Forty4, BJ's, 2015

Cultivating New Orleans Music In England – The End Of An Impossible Dream

Forty4, BJ's, 2015
My band, ‘Forty4’, actually playing to a rare Northwest audience in 2015 who dig our music! Sadly, this club has ceased to operate which is a huge blow to the Northwest Blues circuit. Photograph by Lucas Campbell.

Some things you shouldn’t even try, but what the hell, if the recipe looks good on paper, then why shouldn’t you have a go? Unfortunately, even when the ingredients are right, the cooking is perfect and the dish is served with passion, adventurous cuisine can often fail to arouse the taste buds of regular diners. Continue reading “Cultivating New Orleans Music In England – The End Of An Impossible Dream”

Alan Wills – The Death Of A Giant Taken Down In His Prime

I shouldn’t normally be overly moved at the untimely death of a passing professional acquaintance, but in this case, Alan Wills had a persona and presence too effectual to be left unnoticed by the many people his greatness touched. Today has been a difficult day for me and my colleagues, unable to shrug-off the tragedy that has so suddenly hit the Liverpool musical community. Following a collision with a vehicle last week, knocking him from his bicycle and critically injuring him, Alan Wills lost his fight for survival. A painfully unfair stroke of irony for a man who knew how to succeed and win against the odds in the transient, fickle industry we inhabit.

Alan Wills
Alan Wills – photograph lifted from the Liverpool Echo (we never saw the need to take any of him when he came into work). If the reproduction of this photograph is a problem please let me know.

My first knowledge of Alan Wills came via a guitarist friend of mine, Rob Boardman (ex ‘Personal Column’, Jass Babies’ amongst others), around 1990 when Alan was playing drums for Island records signing, ‘Top’.  I’d been in a few bands with Rob and had watched his interest in cutting edge home recording techniques flourish rapidly, thanks to the circles he was mixing within. One name that kept cropping up was Alan’s – “you need to check out a guy called Alan Wills, plays for a band called ‘Top’, signed to Island they are!” Rob would tell me; and hear of him I did. As soon as Rob managed to get a computer setup advanced enough to load wave samples, Alan was giving him DAT’s of drum loops he’d made that Rob would cut up and use in his own recordings – for free. This was pretty state-of-the-art for the time – especially ‘oop north’ in Liverpool!

In due course, Rob’s involvement with Alan and the studio/management organisation he had set up with Steve Powell and Mark Cowley (both ex ‘The Balcony’) at Clarence Street Studios brought me the opportunity to increase my own musical network and find new bands to work with. By 1993 the company had two bands on their roster, one named ‘Space’, the other ‘Rise’. The latter group needed a drummer, I got the job. The demo recordings I was given to learn featured Alan’s (latterly forgotten) drumming skills, showing off a lovely feel I would be expected to try and reproduce when I took over the drum chair.

One of the more amusing memories remaining with me from that period at Clarence Street was a time we were having one of our band/management meetings in the offices there.
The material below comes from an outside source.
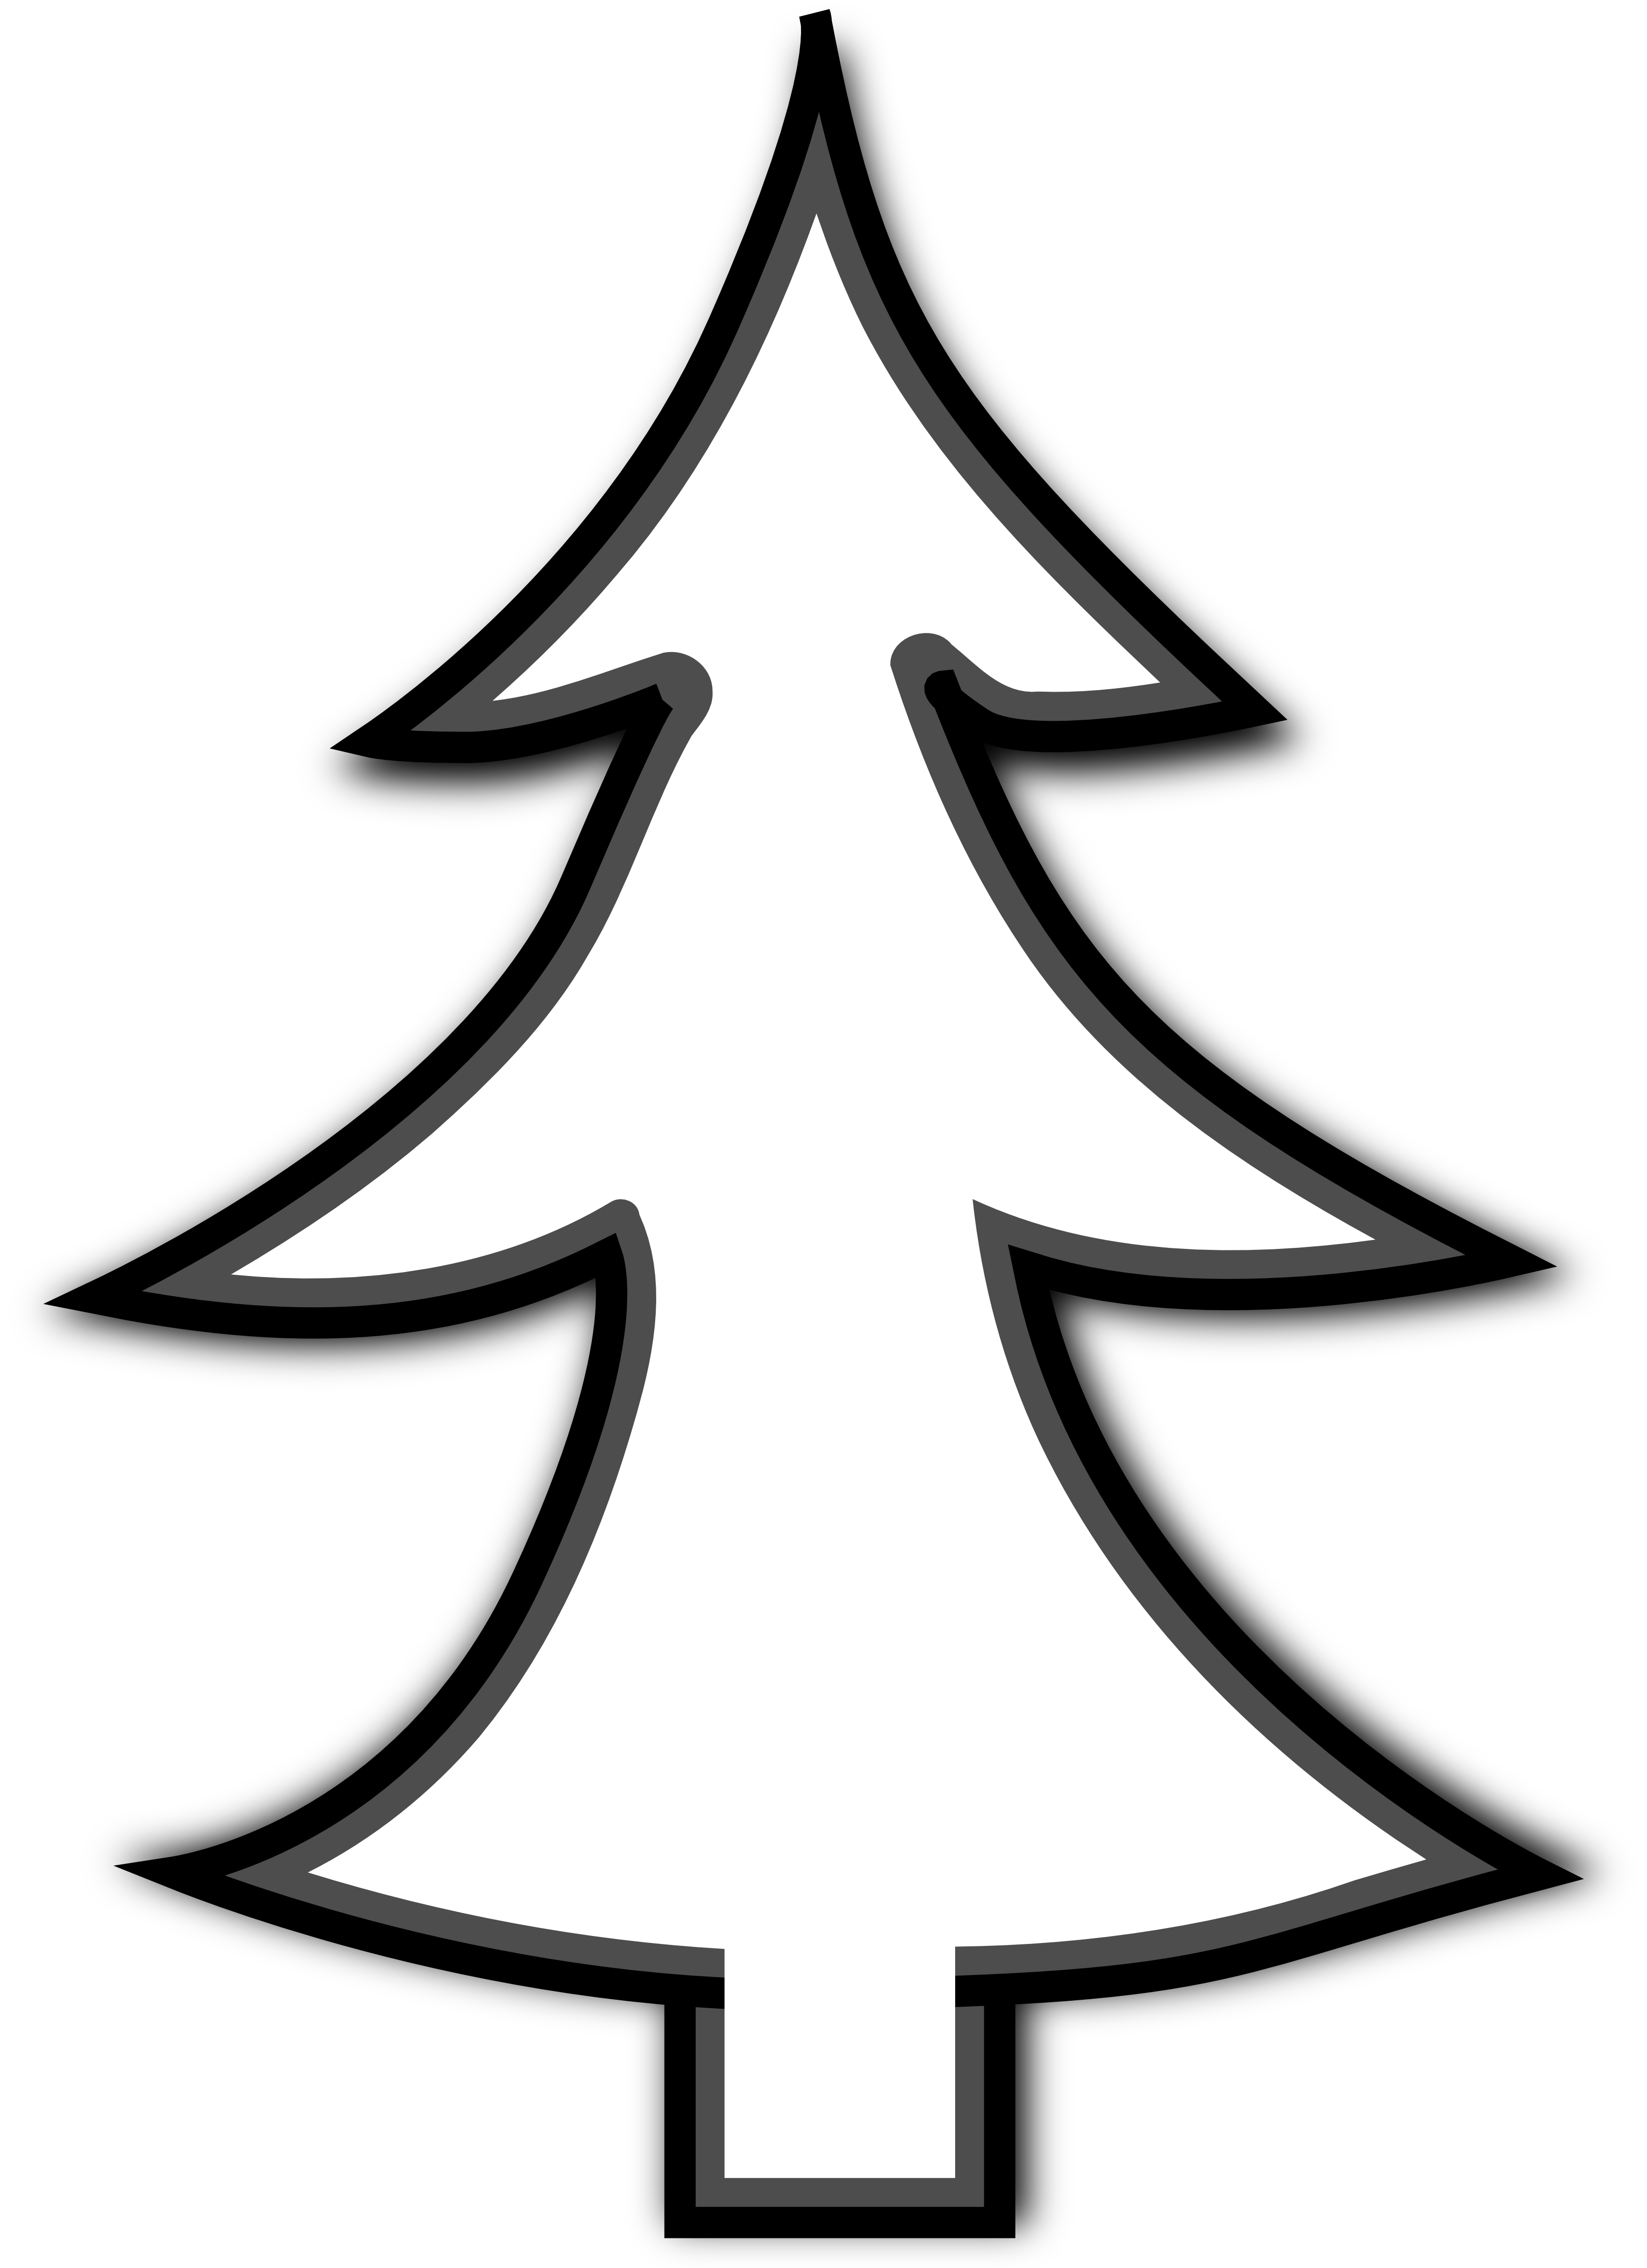 Black And White Christmas Tree Clip Art - ClipArt Best

As I entered the office and walked towards the chairs, my steps were abruptly stopped as I successfully managed to avoid tripping over a Snare drum that had somehow been left in the middle of the room on the floor! “Bloody hell! Who left that there?” I yelled, only to be told it was Alan’s! His beautifully rare Joe Montineri Snare lived to see another day, safe from the inadvertent kicking I avoided giving it.
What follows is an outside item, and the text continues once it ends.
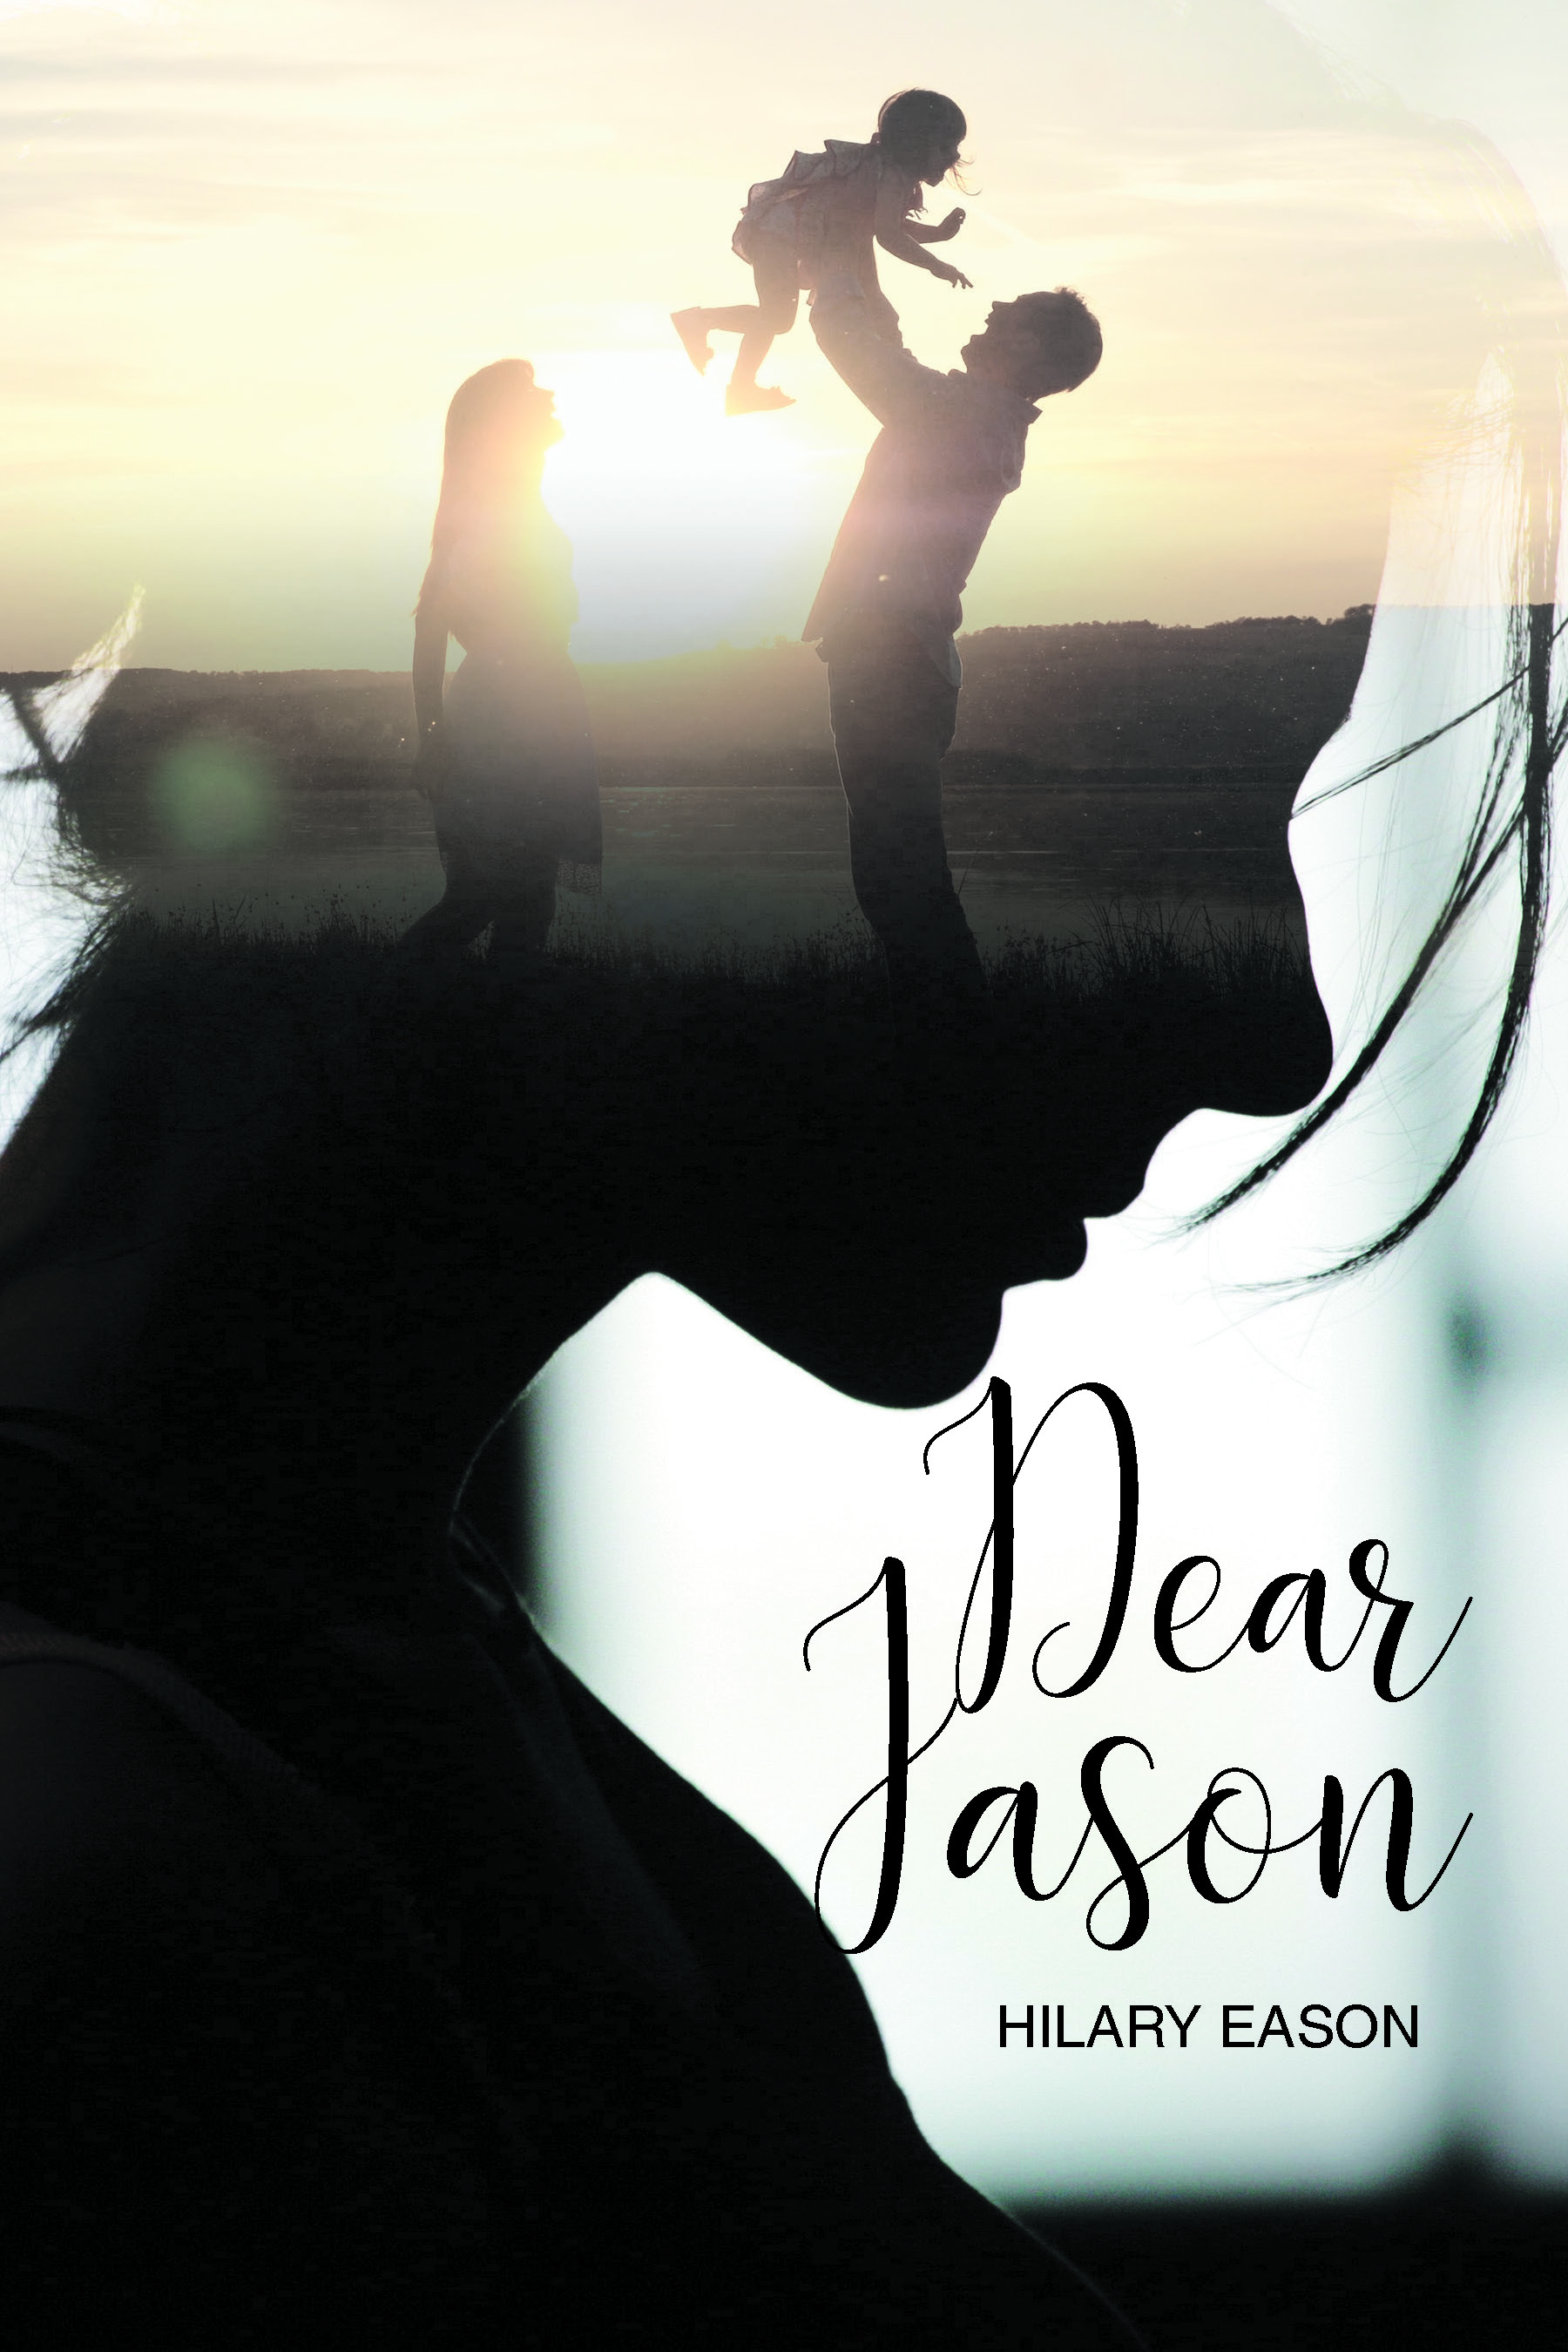 Author Hilary Tharp’s New Book, "Dear Jason," is a Touching and Potent Story About a Woman Learning to Move on After the Birth of Her Baby and the Loss of Her Husband

Fast forward another 10 years and I was out of the music business as a serious player, working a normal day-job, but still remaining within the local music industry. From 2004 onwards, I saw Alan on a fairly regular basis as a customer, watching him flourish in the industry as manager and record label owner. With his sincere and honest passion, Alan managed to change the fortunes of so many musicians, bridging the gap between Liverpool and London, tailoring and fine tuning his prospective artists until they were ready for release to the big wide world. Like it or not, Liverpool is a goldfish bowl in terms of music, full of the usual big fish inhabiting a small pond. In order to elevate above this and find a way out onto the world’s stage, you need somebody who knows the ropes, embraces the challenges and completely understand what is necessary to change about an artist before they are ready to step outside of their insular environment. Alan Wills knew exactly how to be that catalyst between rookie band and gilt-edged record label.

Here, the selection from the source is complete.